Version-Release number of selected component (if applicable):
uname -a:
Linux sync13.db.scl2.svc.mozilla.com 2.6.32-71.el6.x86_64 #1 SMP Wed Sep 1 01:33:01 EDT 2010 x86_64 x86_64 x86_64 GNU/Linux

mdadm is v1.1, if that matters.

How reproducible:
Every time.

Steps to Reproduce:
1. Configure kickstart as above
2. kickstart
3. mdadm --detail /dev/mdN

Note "Active Devices" vs "Spare Devices"

Further confirmed with `iostat -dx 1 | grep sd[abc]` while doing a heavy disk-write.  All three devices are lockstep in their write load.
  
Actual results:
No spares -- all devices are "active".

Expected results:
Number of spares specified used as spares.

Additional info:
Examples above are ext4, but I have reproduced with ext2, as well.

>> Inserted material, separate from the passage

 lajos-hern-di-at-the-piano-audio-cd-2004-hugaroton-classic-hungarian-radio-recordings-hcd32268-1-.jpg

Comment 1 Jeff Vier 2011-03-09 20:41:24 UTC

Also, in the mean time, can you recommend a work-around to "convert" an active device to a spare?

Comment 3 David Lehman 2011-03-09 21:57:56 UTC

Look at the mdadm man page, in the section titled "MANAGE MODE" (you can search for that text). It gives an example of a single command to do exactly what you want done.

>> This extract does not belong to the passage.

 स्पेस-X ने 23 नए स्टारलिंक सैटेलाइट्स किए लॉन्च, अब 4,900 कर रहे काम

Comment 4 Jeff Vier 2011-03-09 22:15:57 UTC

(In reply to comment #3)
> Look at the mdadm man page, in the section titled "MANAGE MODE" (you can search
> for that text). It gives an example of a single command to do exactly what you
> want done.

Yeah, I tried that -- it does not re-add as a spare, but just back in as an active member.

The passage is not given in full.